Le rivelazioni su repubblica

Con Travaglio e Lucarelli anche il molisano Aldo Di Giacomo nel mirino dell’ergastolano eccellente Chico Forti

Il sindacalista non conferma né smentisce. L’omicida rientrato in Italia dopo una lunghissima detenzione negli States non avrebbe gradito le parole di condanna delle ‘agevolazioni’ che gli sono state concesse e quindi avrebbe cercato qualche ndranghetista libero per zittire i tre ‘detrattori’. Indaga la Procura di Verona

Marco Travaglio, Selvaggia Lucarelli e ora pure il ‘nostro’ Aldo Di Giacomo. Sarebbe lui il terzo incomodo da zittire secondo l’ergastolano Chico Forti.
Aldo Di Giacomo, segretario generale dell’Spp, il sindacato di polizia penitenziaria, è volto notissimo in Molise e non solo per le battaglie a sostegno degli agenti in servizio negli istituti penitenziari.

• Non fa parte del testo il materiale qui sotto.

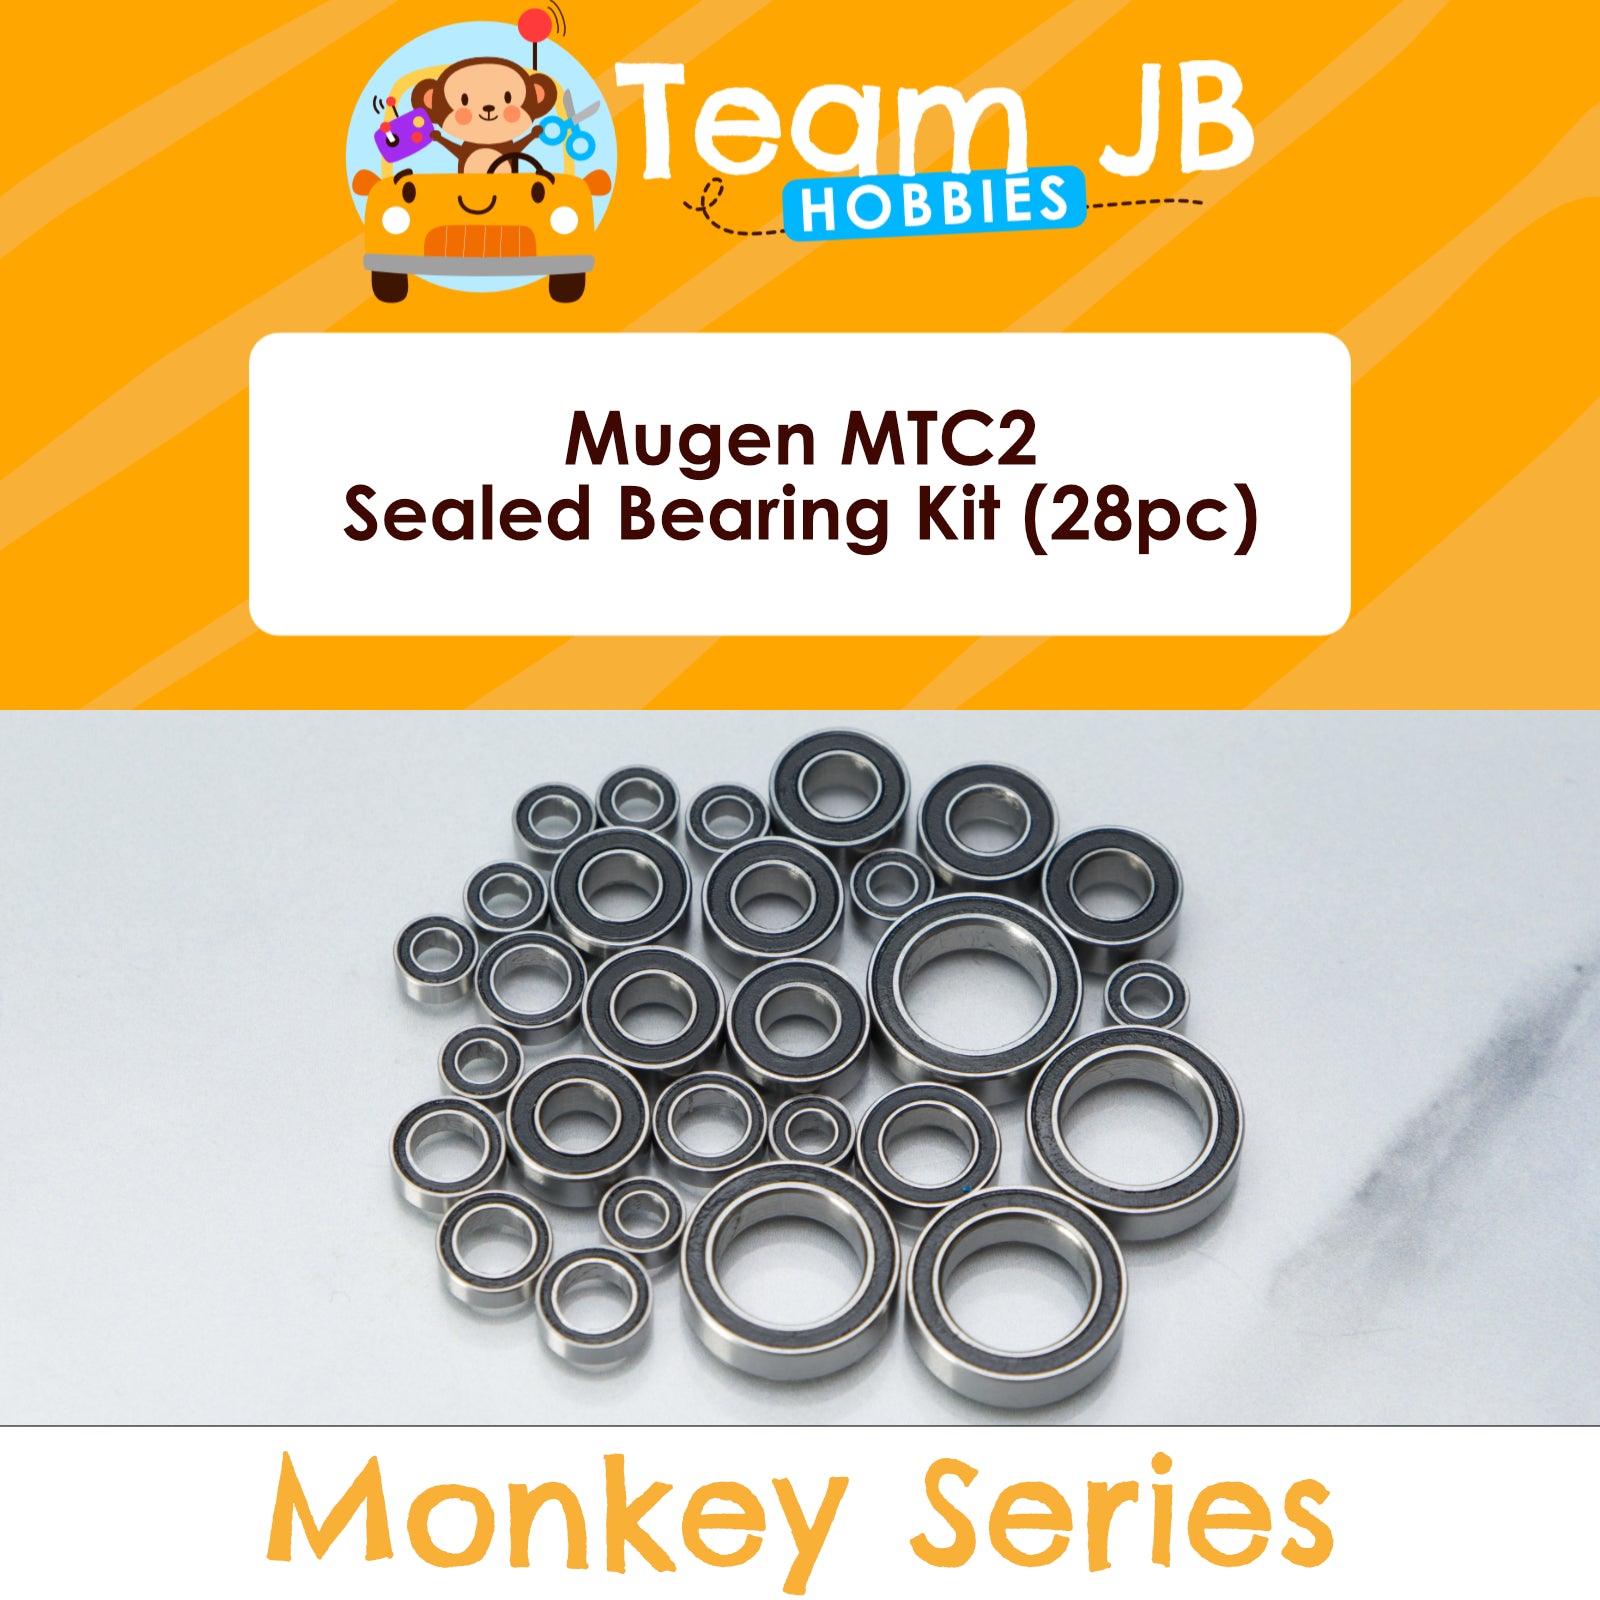 Mugen MTC2 - Sealed Bearing Kit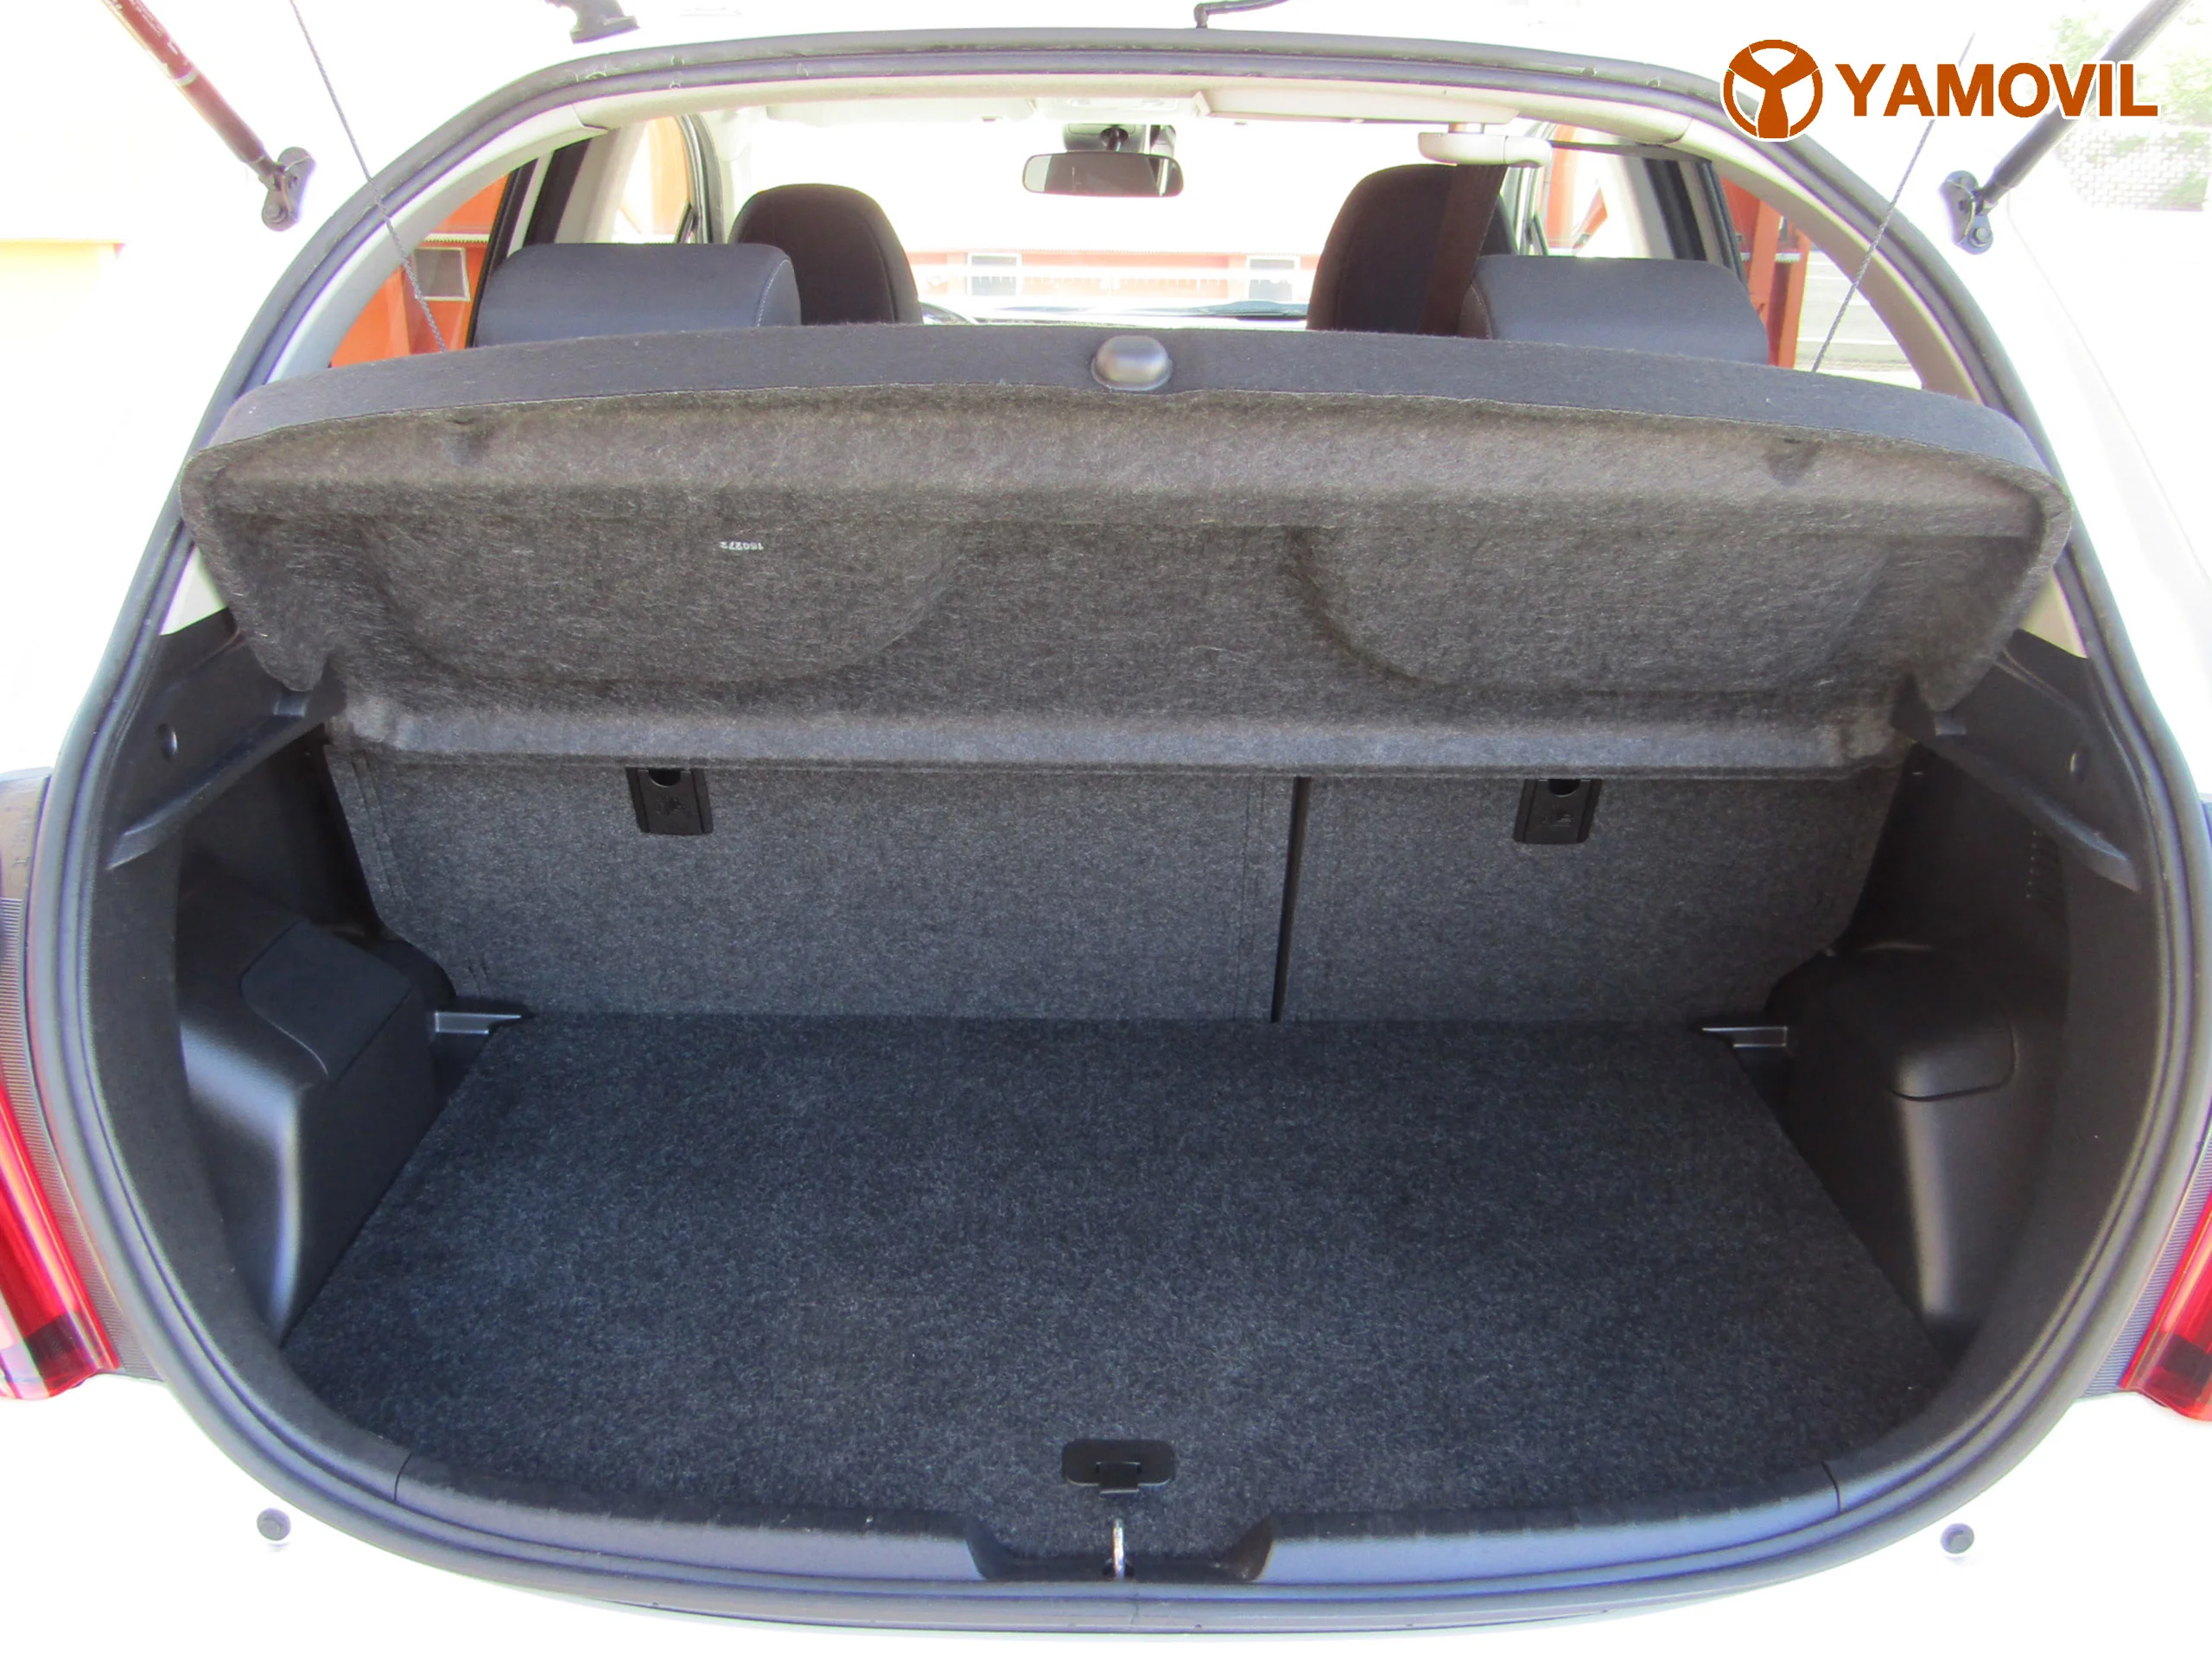 Toyota Yaris HYBRID FEEL 100CV - Foto 7

Ma il suo nome, nell’affaire Chico Forti (l’italiano condannato per omicidio negli States e da qualche mese rientrato, tra squilli di tromba e rulli di tamburi, in Italia) non era mai uscito fuori perché, ammette candidamente il giornalista Enrico Ferro dalle colonne di Repubblica, “non era chiaro chi fosse. Ebbene – scrive -, dagli accertamenti effettuati è emerso che si tratta del segretario generale dell’Spp, il sindacato di polizia penitenziaria. Ecco, dunque, il trio per cui il killer estradato dagli Stati Uniti chiedeva ritorsioni e intimidazioni alla criminalità organizzata. O almeno questa è la circostanza che emerge dalla confessione di un detenuto che avrebbe sentito la discussione tra Forti e un altro carcerato del penitenziario veronese di Montorio”.

La Procura di Verona ha immediatamente tenuto conto della segnalazione e quindi è partita una indagine. Senza indagati e senza ipotesi di reato. Questione bollata ovviamente come falsa dal pool di avvocati che assiste Forti.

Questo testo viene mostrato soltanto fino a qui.